And did those feet in ancient time / Walk upon Brussels’s mountain green? X/@IsabelOakeshott

The Last Night of the Proms has become a “study in middle-class neurosis”, says Tim Stanley in The Daily Telegraph. The music at the Royal Festival Hall on Saturday was “sublime” as always, but our cultural establishment just cannot resist crowbarring in “The Speech”. You know the one. It’s always about the same issues: environment, race, and the like. On this occasion, conductor Marin Alsop told the audience the classical scene had “made strides towards a more inclusive experience”, but that we still “live in a world where in some places women are denied an education [and] basic human rights”. Eh? Yes, there is a tragic lack of women’s rights in some countries. But what does Alsop want us to do about it? “Arm the BBC Symphony Orchestra and invade Afghanistan?”

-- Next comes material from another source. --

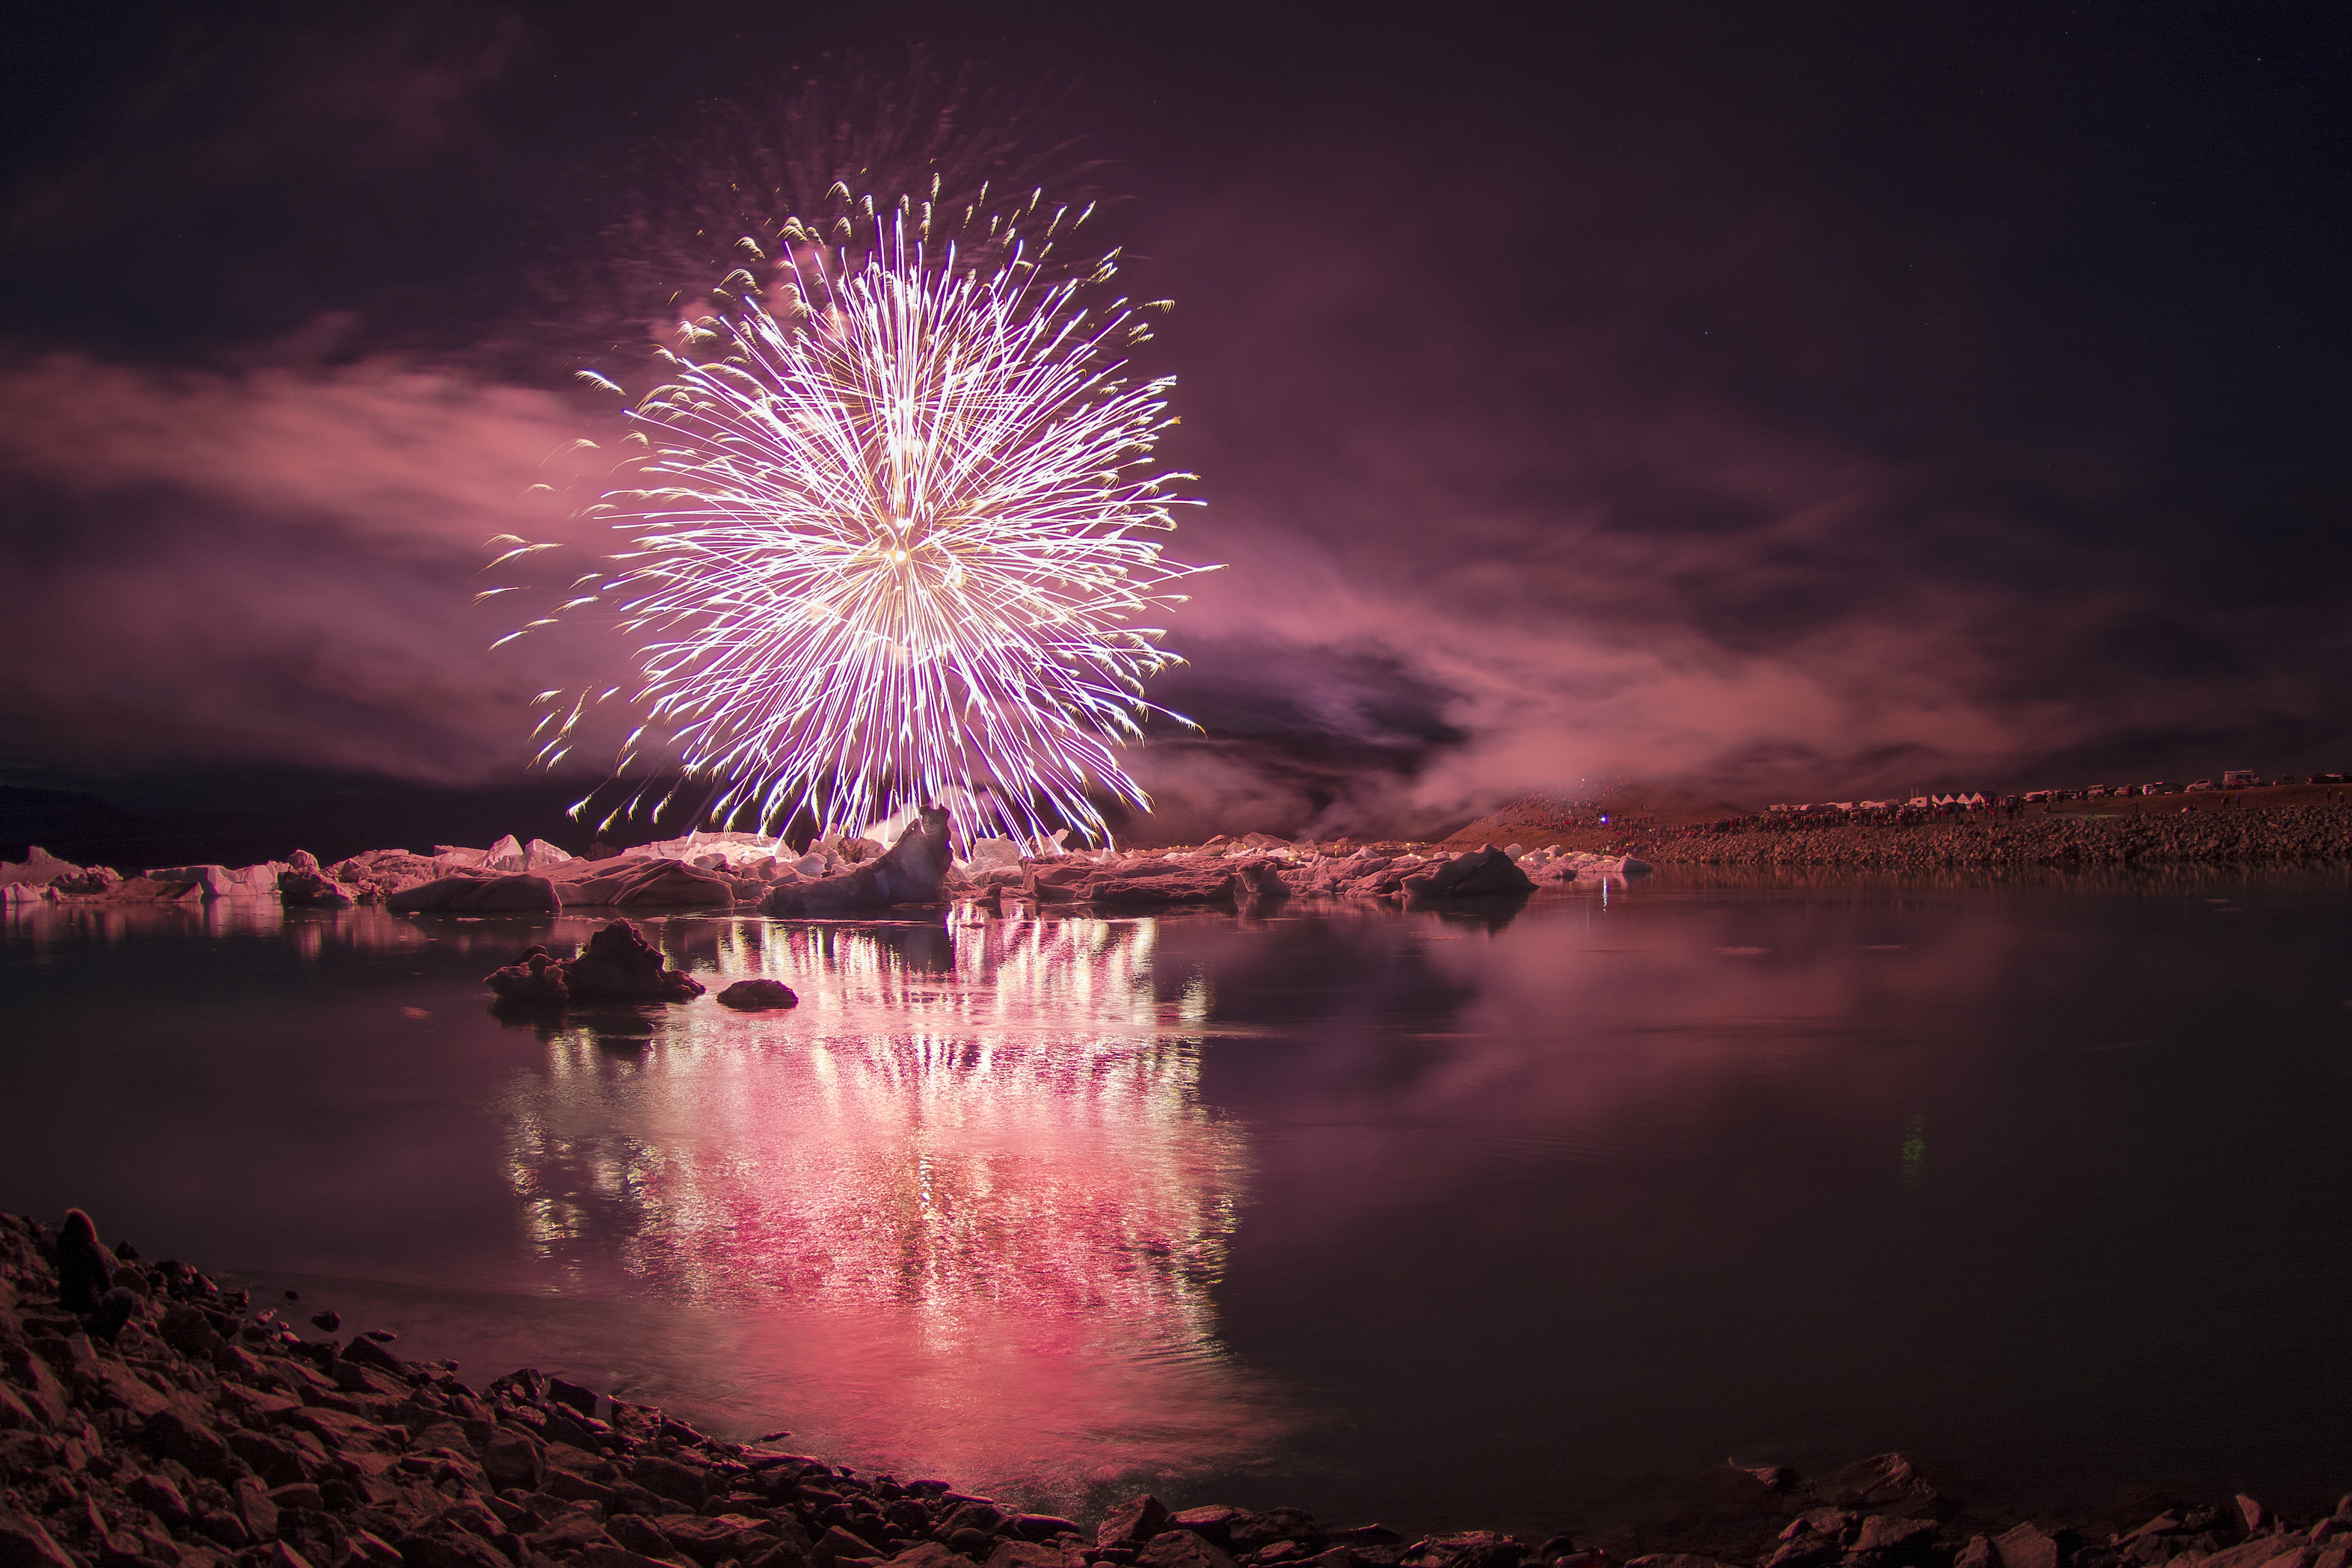 Jökulsárlón Glacier Lagoon fireworks show

After The Speech, the audience sang Jerusalem, and “out came the European flags”. Apparently, activists handed them out to audience members as they arrived, “which explains how they got there, but not why any sane individual would wave them”. Why can’t we have a moment of “mindless patriotism” without it being compromised by the “fixations of the overeducated”? It’s a sad kind of groupthink that forces elites to see everything through a “narrow lens of contemporary obsession”. And it’s always such a stretch. The history of art isn’t exactly a “celebration of equality and diversity” – I’m not sure Wagner was very interested in “how many transvestites there were in his brass section”. There is “neither logic nor comfort” in this liberal guilt. It is the “bottomless panic of people who have lost confidence in themselves and their society”.